Sajin Shrijith of The New Indian Express rated 4 out of 5 and called it "an efficient, well-crafted mystery" and said that it is "director Midhun Manuel Thomas' best work so far." Litty Simon of Malayala Manorama rated 3.5 out of 5 stars calling it "a crafty thriller from Kunchacko & Co." and "Anjaam Pathiraa will definitely make you restless. It is an excellent theatrical experience.

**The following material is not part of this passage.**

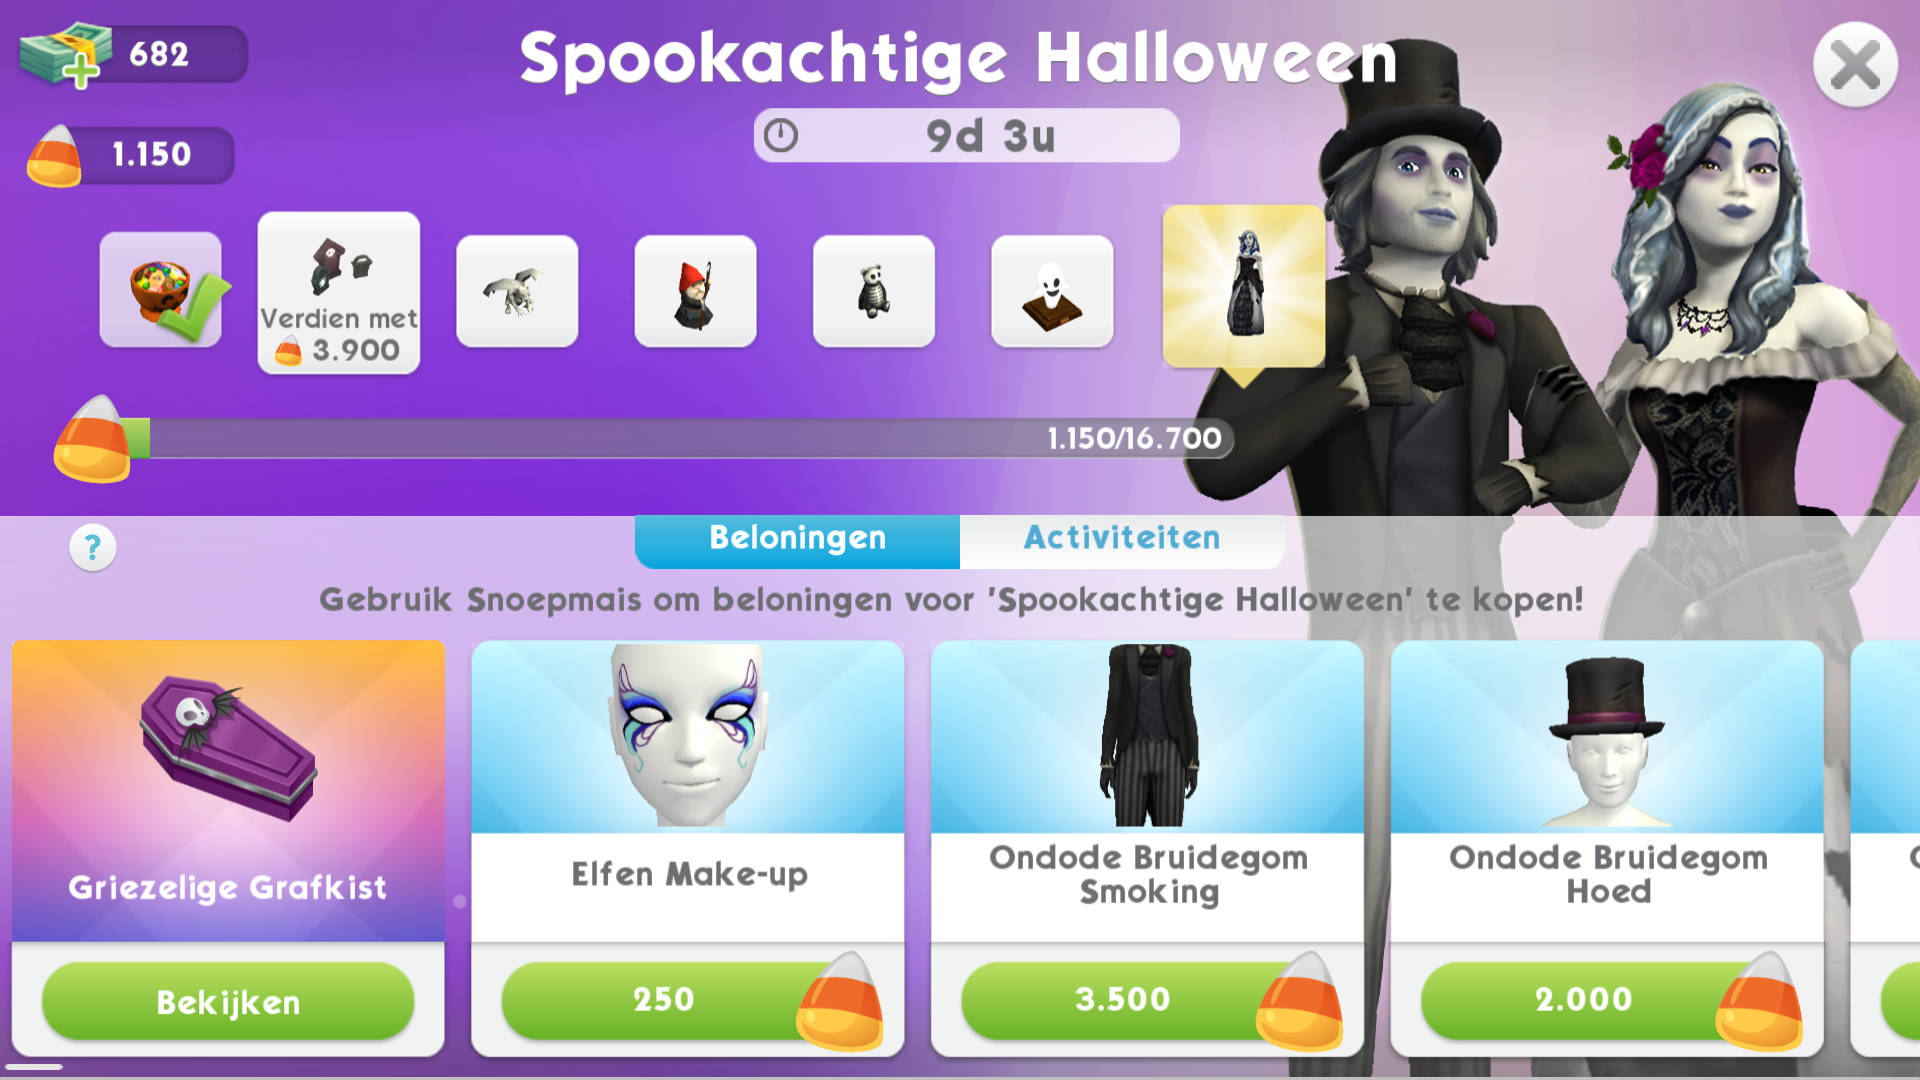 Spookachtige Halloween evenement

In the film which villain is so complicated and line is multilayered from usual genre which thrills you always." Deepa Soman of The Times of India awarded 3 out of 5 and wrote that it was "a decently engaging crime thriller." and appreciated Kunchacko Boban's performance stating that he "gives the right demeanour to Anwar Hussain, as do the rest of the cast." Writing for The News Minute, Cris called it "a neatly-packed thriller" and added that "the film moves fast, not wasting time on a song or even a line too many, with noticeable performances and negligible flaws." Baradwaj Rangan of Film Companion South wrote "In the end, Anjaam Pathiraa turns out to be one of those films that takes a hot-button issue and expects us to care simply because it takes that issue up. The drama is undernourished, the thrills are feeble".

===Box office===
The film was both commercial and critical success. In the overseas opening weekend, the film grossed US$713,243 from 78 screens in the United Arab Emirates (the best opening of that weekend), US$48,487 (₹34.48 lakh) from 30 screens in the United States, US$6,081 (₹4.33 lakh) from 2 screens in Canada, and A$28,605 (₹13.89 lakh) from 3 screens in Australia. It earned US$19,857 (₹14.2 lakh) in Canada in two weeks, £28,714 (₹26.78 lakh) in the United Kingdom in three weeks, A$85,285 (₹40.98 lakh) in Australia in four weeks, and US$116,759 (₹83.36 lakh) in the US in five weeks. It is the highest grossing Malayalam film of 2020 which collected over ₹50 crore from Worldwide box office

==Real life influence ==
Vishnupriya, 23 year-old pharmacist at a private hospital in Panur, was murdered at her house on 22 October 2022 by Shyamjith. During trial, he confessed that murder was inspired from the film.

== Sequel ==
A sequel titled Aaram Pathiraa was announced by Midhun Manuel Thomas on 10 January 2021.